You can read more about the KS test here:
https://en.wikipedia.org/wiki/Kolmogorov%E2%80%93Smirnov_test .
Take note of the formula for a two-sample KS test and the value of c(alpha) at 5% confidence interval.

In [97]:
#Calculate the critical KS value for each set of population and good/bad/total.
#We will perform the test at 5% confidence interval
KS_dev_val_bad = round(1.358*np.sqrt((df_combined.iloc[-1,0] + df_combined.iloc[-1,3])/(df_combined.iloc[-1,0]*df_combined.iloc[-1,3]))*100,2)
KS_dev_all_bad = round(1.358*np.sqrt((df_combined.iloc[-1,0] + df_combined.iloc[-1,6])/(df_combined.iloc[-1,0]*df_combined.iloc[-1,6]))*100,2)
KS_val_all_bad = round(1.358*np.sqrt((df_combined.iloc[-1,3] + df_combined.iloc[-1,6])/(df_combined.iloc[-1,3]*df_combined.iloc[-1,6]))*100,2)

KS_dev_val_good = round(1.358*np.sqrt((df_combined.iloc[-1,1] + df_combined.iloc[-1,4])/(df_combined.iloc[-1,1]*df_combined.iloc[-1,4]))*100,2)
KS_dev_all_good = round(1.358*np.sqrt((df_combined.iloc[-1,1] + df_combined.iloc[-1,7])/(df_combined.iloc[-1,1]*df_combined.iloc[-1,7]))*100,2)
KS_val_all_good = round(1.358*np.sqrt((df_combined.iloc[-1,4] + df_combined.iloc[-1,7])/(df_combined.iloc[-1,4]*df_combined.iloc[-1,7]))*100,2)

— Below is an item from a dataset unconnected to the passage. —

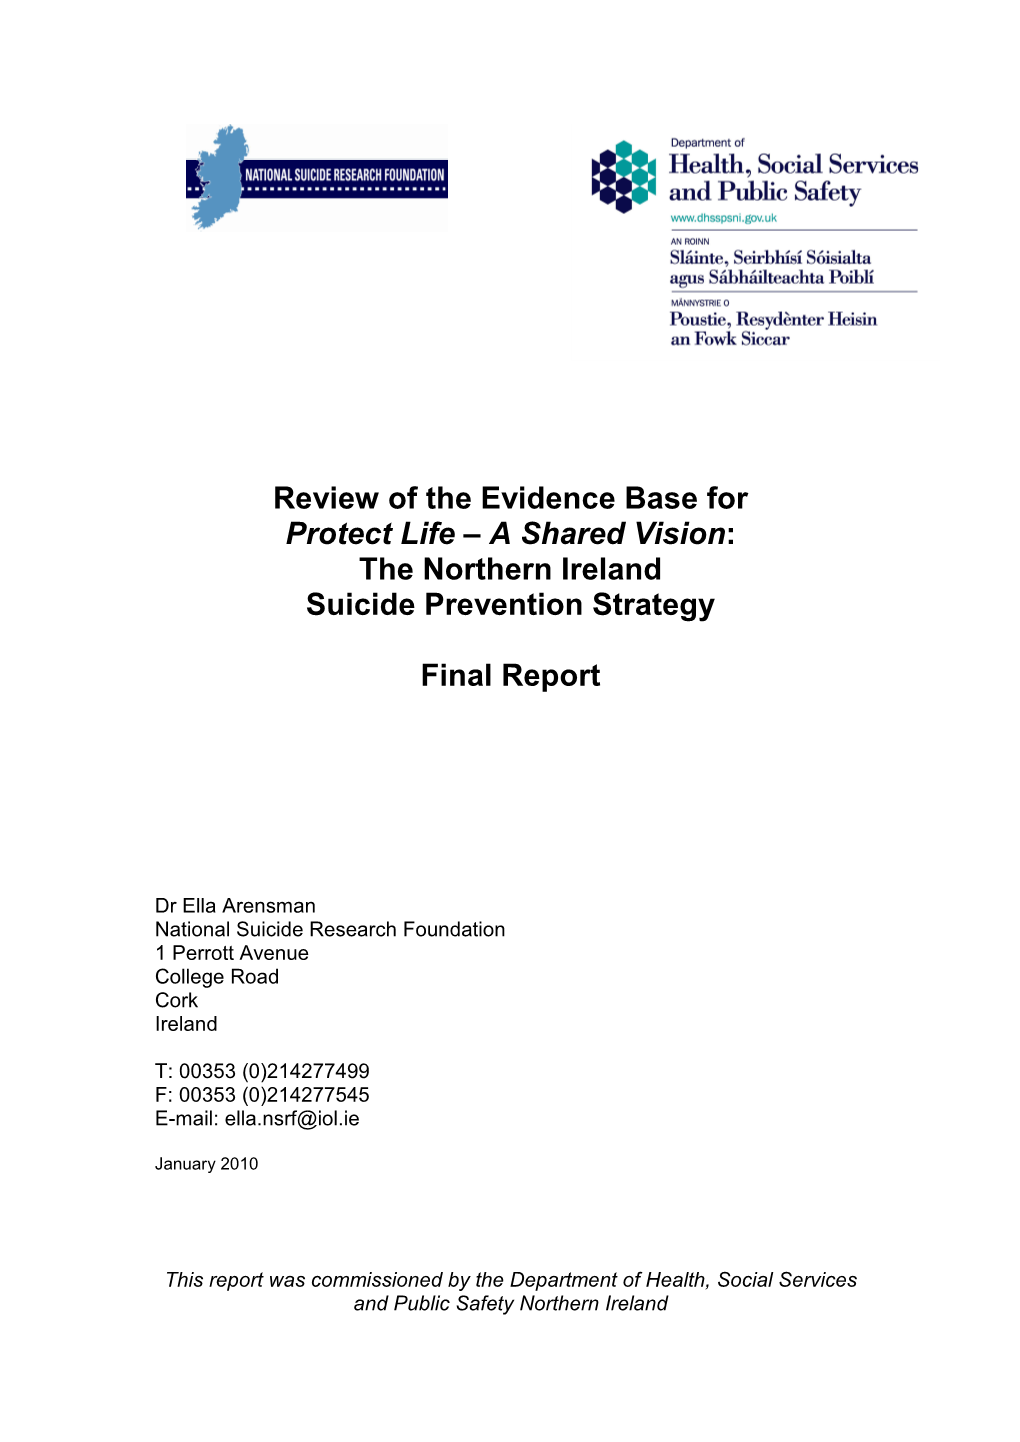 Review of the Evidence Base for Protect Life – a Shared Vision: The

KS_dev_val_total = round(1.358*np.sqrt((df_combined.iloc[-1,2] + df_combined.iloc[-1,5])/(df_combined.iloc[-1,2]*df_combined.iloc[-1,5]))*100,2)
KS_dev_all_total = round(1.358*np.sqrt((df_combined.iloc[-1,2] + df_combined.iloc[-1,8])/(df_combined.iloc[-1,2]*df_combined.iloc[-1,8]))*100,2)
KS_val_all_total = round(1.358*np.sqrt((df_combined.iloc[-1,5] + df_combined.iloc[-1,8])/(df_combined.iloc[-1,5]*df_combined.iloc[-1,8]))*100,2)

In [98]:
#Define the sets of values that are going to be compared. 
#E.g. The maximum difference between bad accounts in the Development and Validation samples will be compared 
#     to the critical value calculated in KS_dev_val_bad 
test = {'dev_val_cum_%diff_bad': KS_dev_val_bad,
        'dev_all_cum_%diff_bad': KS_dev_all_bad,
        'val_all_cum_%diff_bad': KS_val_all_bad, 
        
        'dev_val_cum_%diff_good':KS_dev_val_good, 
        'dev_all_cum_%diff_good': KS_dev_all_good, 
        'val_all_cum_%diff_good': KS_val_all_good,
        
        'dev_val_cum_%diff_total': KS_dev_val_total, 
        'dev_all_cum_%diff_total':KS_dev_all_total, 
        'val_all_cum_%diff_total':KS_val_all_total}

In [99]:
#Carry out the comparison by taking the maximum difference and comparing it to the critical value
#If the maximum difference is lower than the critical value, that means that the distributions are not statistically different
#    and the model validates successfully
#All 9 points of comparison must validate in order to confirm that the model is valid as a whole

validation = {}
for key, value in test.items():
    if df_combined[key].max() < value:
        validation[key] = 'Valid'
    else:
        validation[key] = 'Invalid'  

In [100]:
for key, value in validation.items():
    print(f'{key} is {value}!')

dev_val_cum_%diff_bad is Valid!
dev_all_cum_%diff_bad is Valid!
val_all_cum_%diff_bad is Valid!
dev_val_cum_%diff_good is Invalid!
dev_all_cum_%diff_good is Valid!
val_all_cum_%diff_good is Valid!
dev_val_cum_%diff_total is Invalid!
dev_all_cum_%diff_total is Valid!
val_all_cum_%diff_total is Valid!


There are two tests that fail which means that the difference in the distributions is statistically significant and the model will not perform as well on new data as it does on the development population. 
If a model is not valid / is not expected to perform well on new data, we can:

- Change the classing in one or more variables
- Remove one or more variables from the model
- Add one or more new variables to the model

In addition to the example tests performed here, you are also encouraged to learn more about and calculate the Gini coefficient which will show how well the model predicts the outcome.